Before randomisation of the patients into three groups, signed informed consent was obtained from all the patients. The study drugs were allocated among the groups as follows: Group P, 5ml of 0.9% saline IU; Group L, 5ml of 2% lidocaine IU (Jetocaine simplex ampoule; Adeka Pharmaceutical Company, Istanbul, Turkey); and Group LD, 5ml of 2% lidocaine IU ±10 min before the procedure plus 50mg of rectal diclofenac sodium (Dikloron supp; Deva Company, Istanbul, Turkey). The patients did not receive any pre-medication. Randomisation was made using codes in the random number list. These codes were enclosed in opaque, sealed envelopes. An independent assistant blinded to the study opened the envelopes, prepared suitable medications and administered the rectal applications to the patients in Group LD. The physical appearance of the formulated solutions was similar (colourless and clear), and these solutions were administered in 10ml unmarked disposable injectors. Thus, the gynaecologist and the assistant keeping the records of the patients had no knowledge about the anaesthetic/analgesic agent used. The procedure was performed by the same gynaecologist to minimise risks and technical variations.
VAS was used to evaluate the patient's pain score by marking a cross on a 10cm line, with 0 on the left side indicating no pain and 10 on the right side indicating the worst imaginable pain. The patients were informed about the scoring system prior to the commencement of the study. Heart rate, blood pressure and respiratory rate were monitored continuously in all the groups. A 20-gauge cannula was inserted into the back of the hand. The women in all the groups were placed in the lithotomy position, and a bimanual examination was done. The cervix, fornix and vagina were cleansed with an antiseptic solution. After cleaning and draping, a bivalved speculum was inserted to expose the cervix, and the anterior lip of the cervix was grasped with a single-tooth tenaculum. Then, an 18-gauge Angiocath (Bicakcilar, Istanbul, Turkey) was slowly advanced through the cervical canal, and its hub was engaged so as to obstruct ectocervix's opening. The study drug was then instilled into the uterine cavity through a catheter, and the catheter was held in position for 5min to prevent backflow of the instilled solution.
For the endometrial biopsy, a 4mm vacuum suction curette (Karmen Cannula, Plastimed, Istanbul, Turkey) was inserted into the uterine cavity. A 20ml injector was then mounted onto the cannula, and negative pressure was created to gently curette all the mucosal surface. The patient was kept in the observation room for 20 minutes after the procedure.
Heart rate, mean arterial blood pressure, respiratory rate and VAS were recorded during the preoperative period, when the cervix was grasped with a tenaculum, immediately after the IU instillation, during uterine curettage and at postoperative 10min.
Side effects were observed and treated. Vasovagal reaction was defined as bradycardia (pulse <60 per min) or hypotension (>20% fall from baseline), along with nausea, vomiting, sweating, dizziness or fainting. The patient and the surgeon were questioned about their satisfaction 15 minutes after the termination of the procedure, and satisfaction was rated as good to excellent, moderate or poor.
Data was analysed using SPSS 21. In inter-group comparisons, mean pain scores, age, bodyweight, and parity were evaluated using a nonparametric analysis of variance test (Kruskal-Wallis) with Bonferroni correction, while ASA, complications, number of postmenopausal complications, patient and surgeon satisfaction were assessed by chi-square test. For specific purposes, analysis of variance (ANOVA) was also used.


Results

Out of the total 410 patients who had consultations at the Clinic for endometrial biopsy 90(22%) were included in the study to meet the sample size requirement. Those included were divided into three equal groups of 30(33.3%) each.
There were no statistically significant inter-group differences in age, bodyweight, parity, number of postmenopausal patients, haemodynamic parameters and ASA scores (p>0.05 each) (Table-1).

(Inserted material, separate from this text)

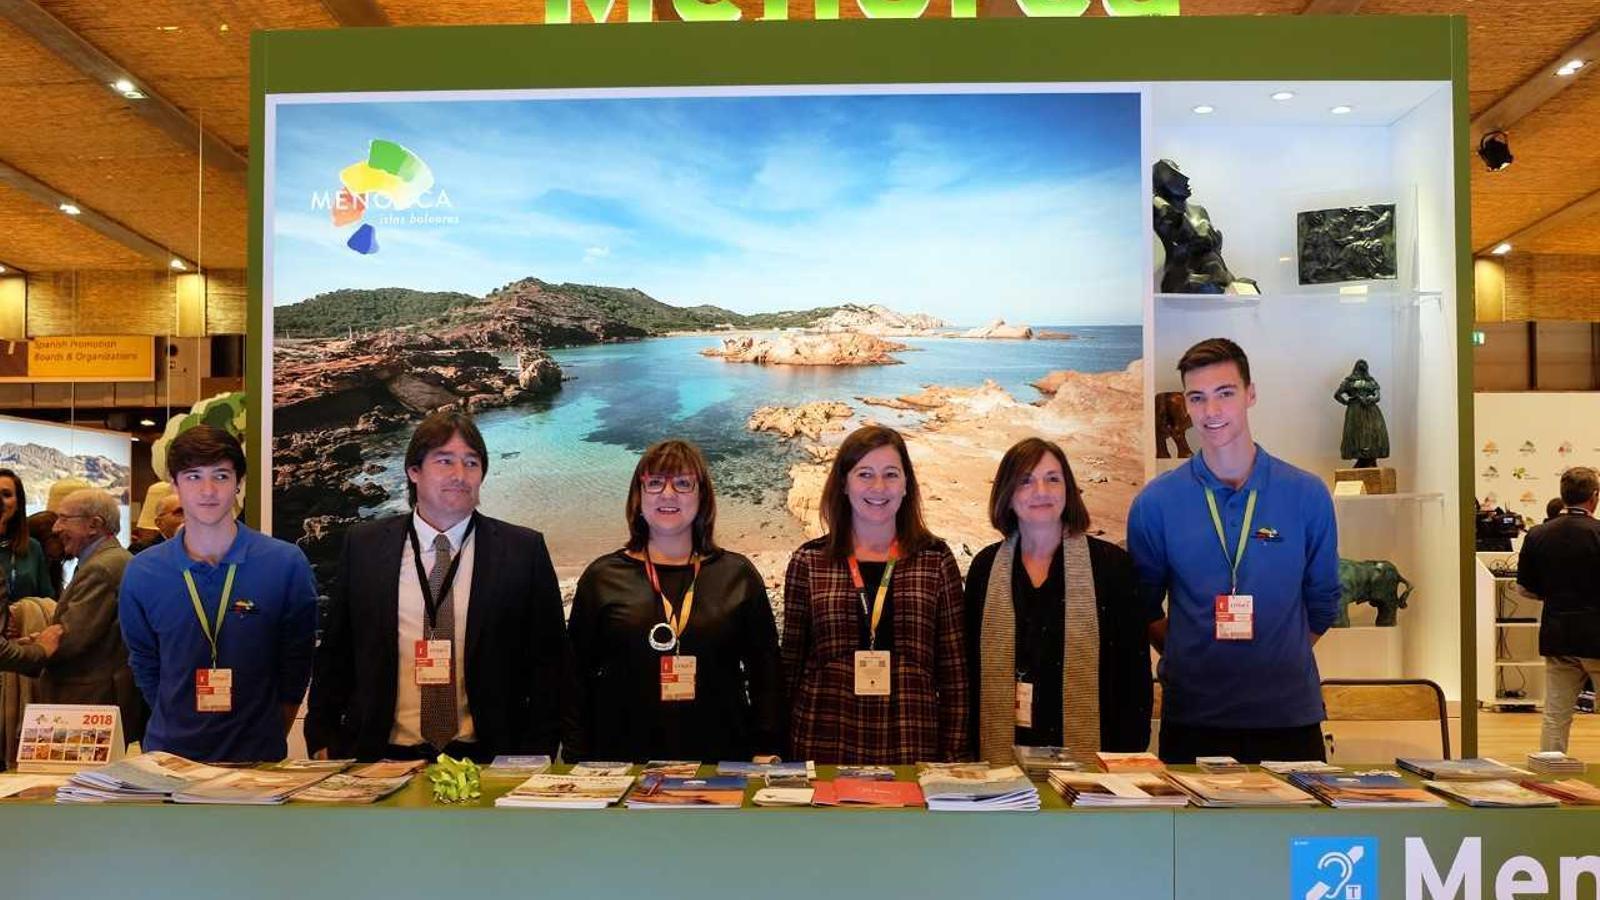 La delegació menorquina afronta amb il·lusió la seva participació en la Fira Internacional del Turisme que se celebra a Madrid fins al diumenge.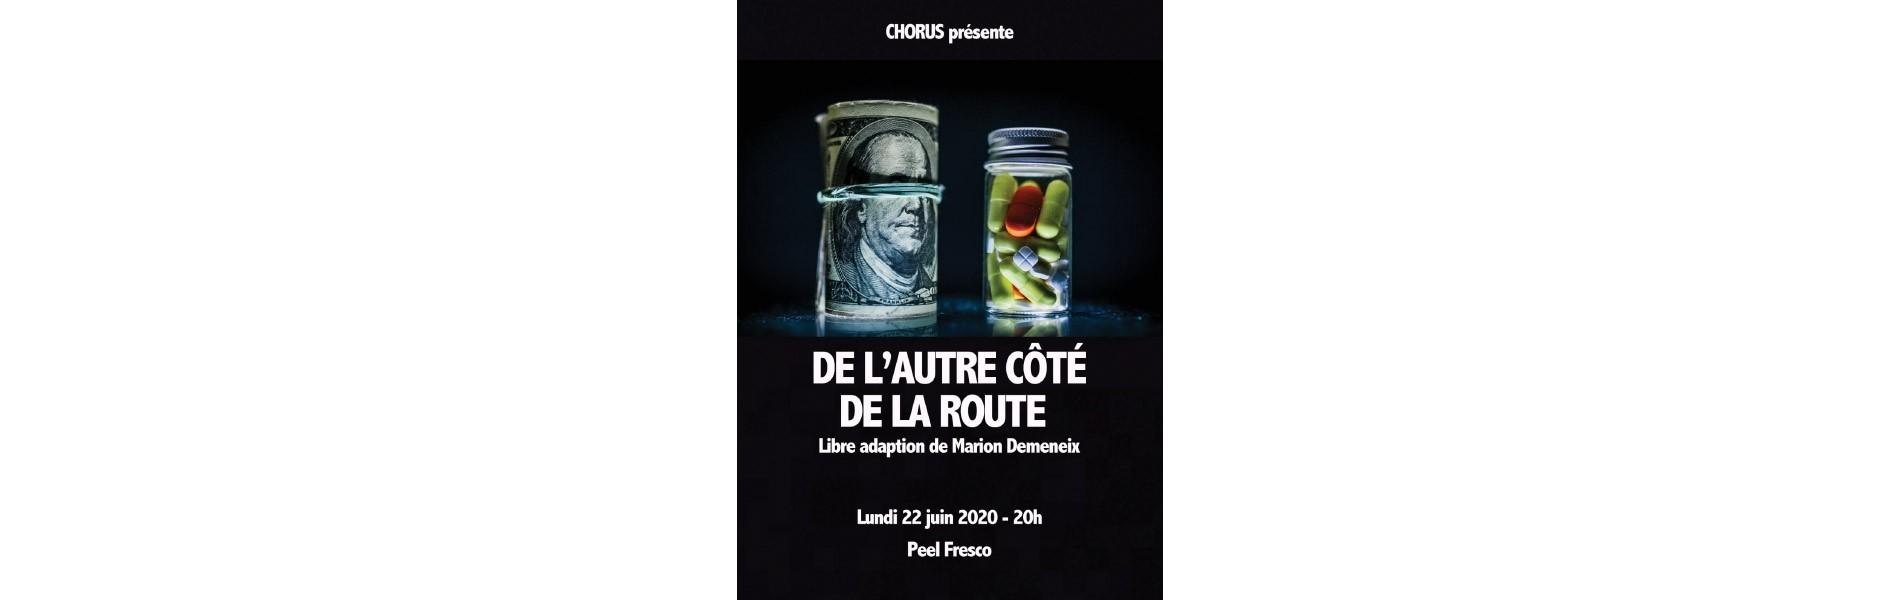 DE L'AUTRE CÔTÉ DE LA ROUTE - 23 juin 2020

Biopsies were performed in 1(3.33%) patient in Group L and 1(3.33%) patient in Group LD for dysmenorrhoea, while the remaining patients underwent biopsy because of abnormal uterine bleeding.
In Group P, the visual analogue scale score estimated when the cervix was grasped with the tenaculum was lower when compared with Group L and Group LD (p=0.029 and p=0.007, respectively). At other measurement time points, the scores did not differ between the groups (Table 2).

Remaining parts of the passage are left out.